Saturday 18 June 2022

'Tidal' by Caroline Gonda

I used to live by a drowned river. Low tide, you’d see wading birds among the mud and stones. Seals on the sandbank, by the broken pillars of the old railway bridge. Dolphins even, sometimes, out past the harbour, too far off to see clearly. I never could get the hang of binoculars; they bumped my glasses.

We walked on the beach at Broughty Ferry, the summer before we were lovers, and watched the waves buffeting the angry swans against the harbour wall. That autumn, I bought you a silver ring with swans on it, framing a heart-shaped red stone. I don’t know what became of it.

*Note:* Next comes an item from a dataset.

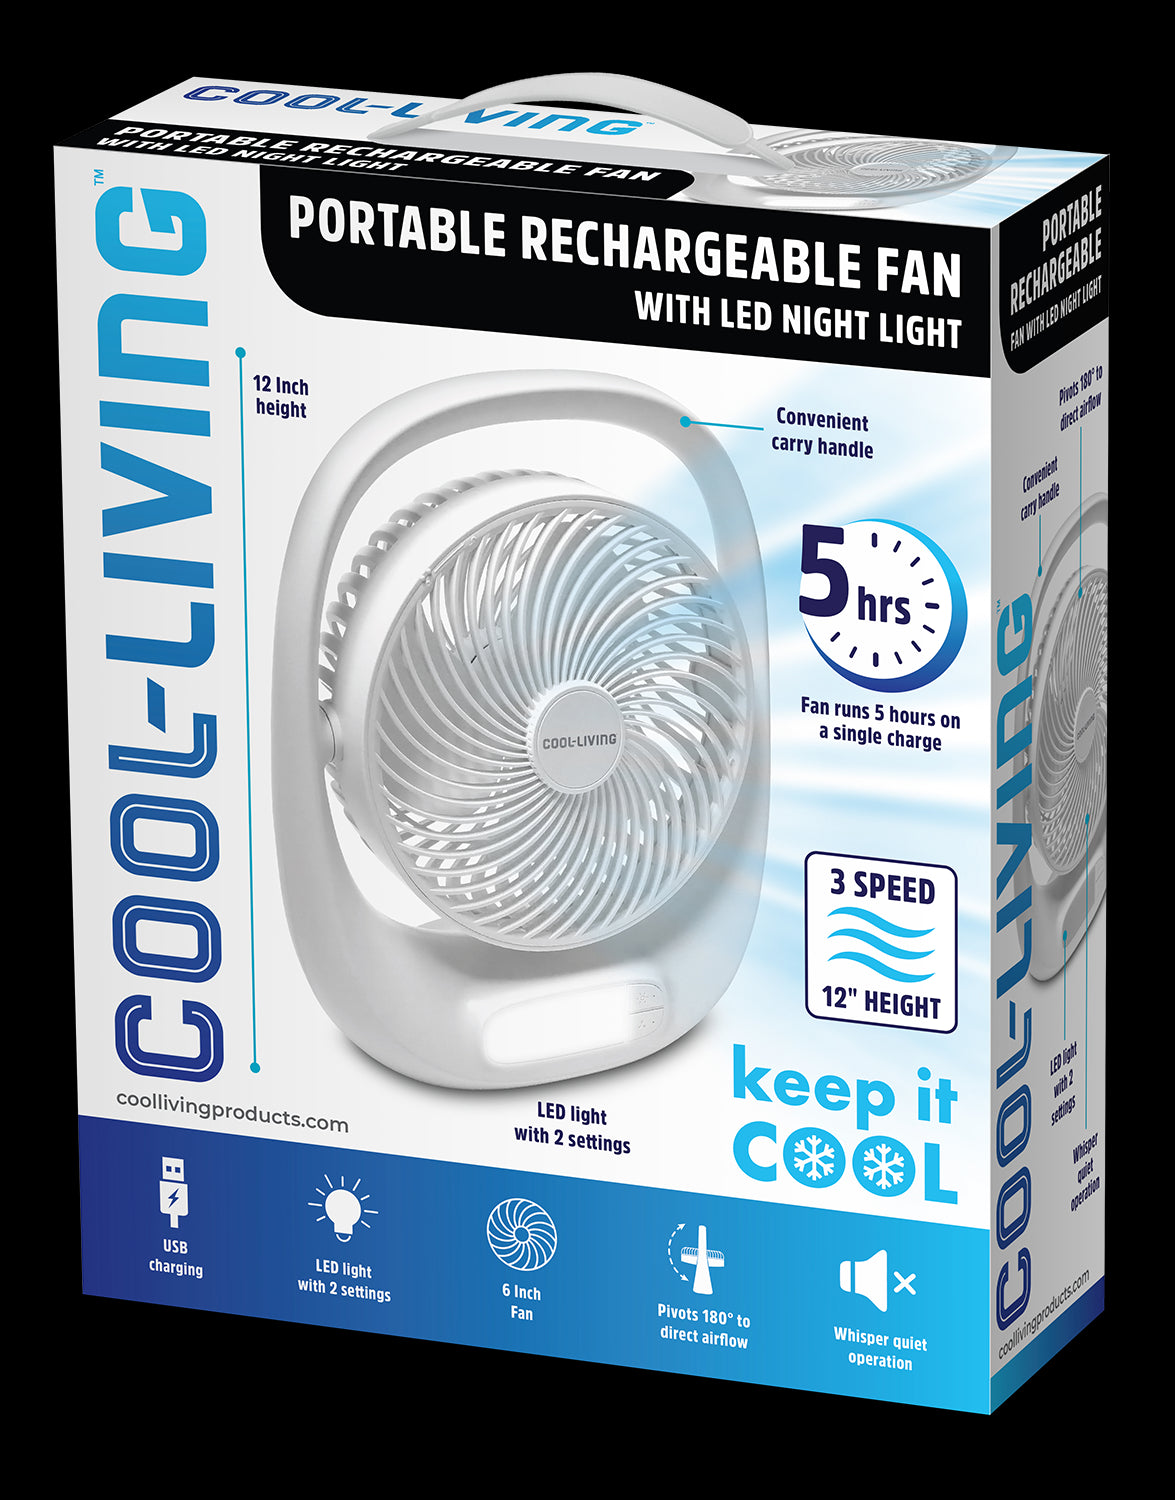 Portable Rechargeable Fan with LED Night Light, Asst Black, Silver, & White

Swept off your feet: it sounds so romantic. The flow of new love carrying everything before it, no way but onwards. Inexhaustible. The force of it took my breath away, left me scared and dizzy. I’ve never been a good swimmer.

A drowned river turns back on itself, the ebb tide and the flow pulling different ways. I used to go back to Scotland every summer after I left, to see my friends and walk by the estuary. You came with me at first. Later, I went on my own.

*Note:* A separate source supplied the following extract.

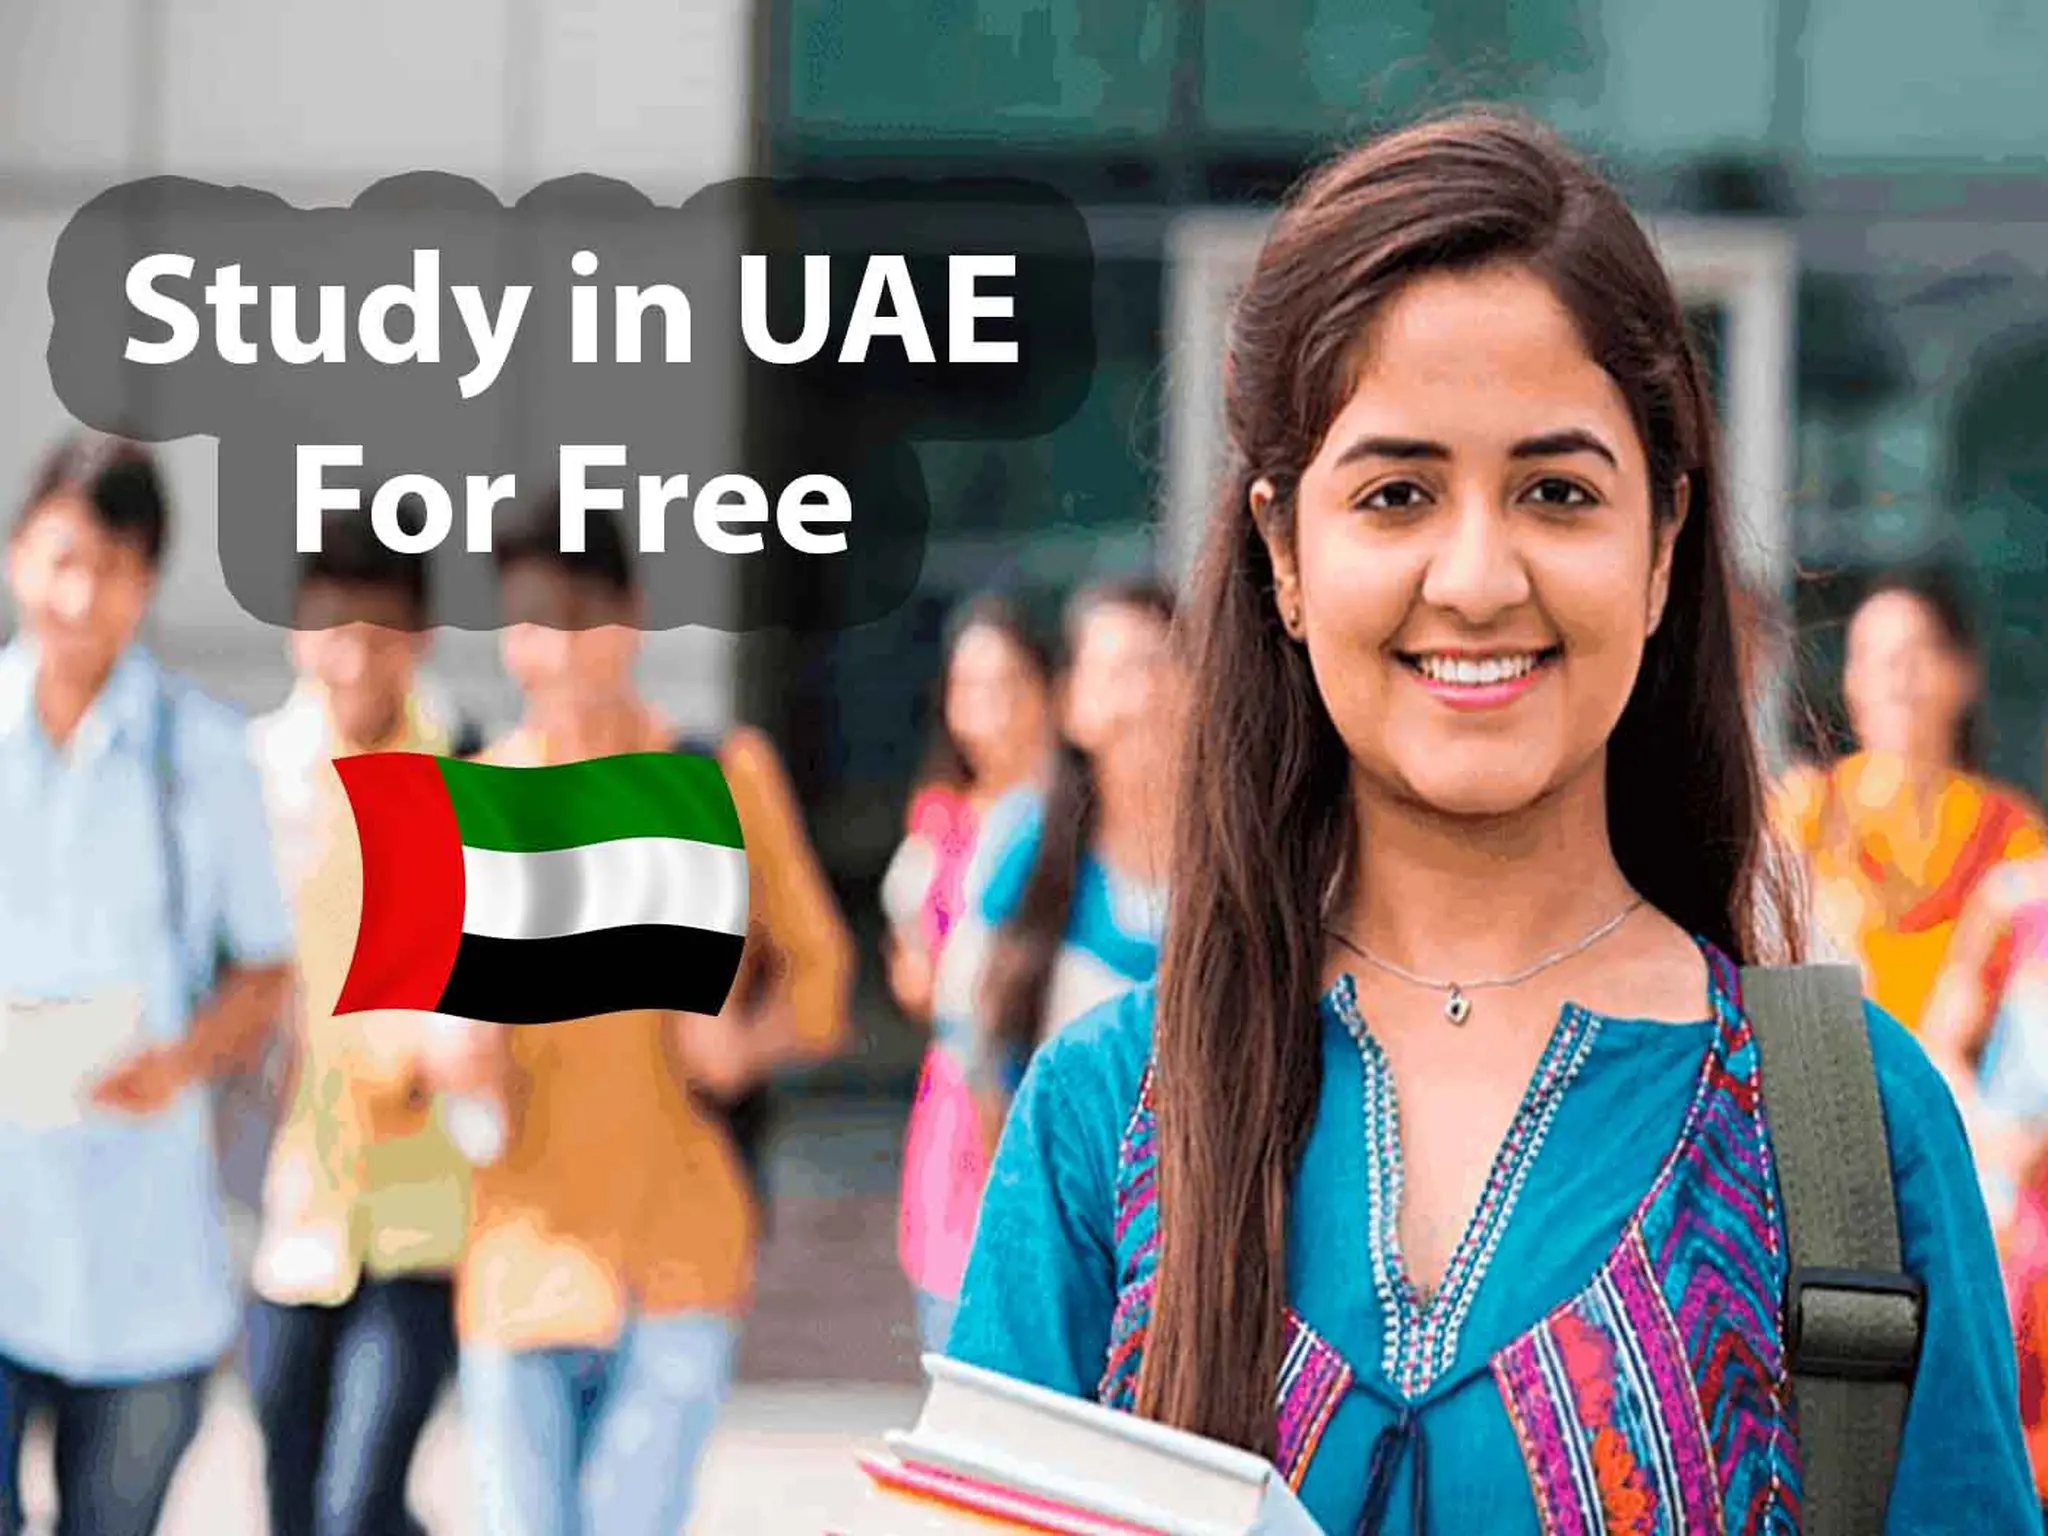 The UAE provides free study for international students with covering housing and visa costs

I live by the sea now, some of the time. You would have liked that. When the tide’s all the way out, at the spring or autumn equinox, the light is tender, milky almost, and it brings a quietness in me. I watch the paddle-boarders on the hazy water, the couples strolling and children and dogs playing on the wide expanse of the shining sands.


  1. I love the poignant atmosphere of this story.x

  2. What gorgeous and powerful images of love and loss and new life wrapped up in the cycles of nature. Brilliant.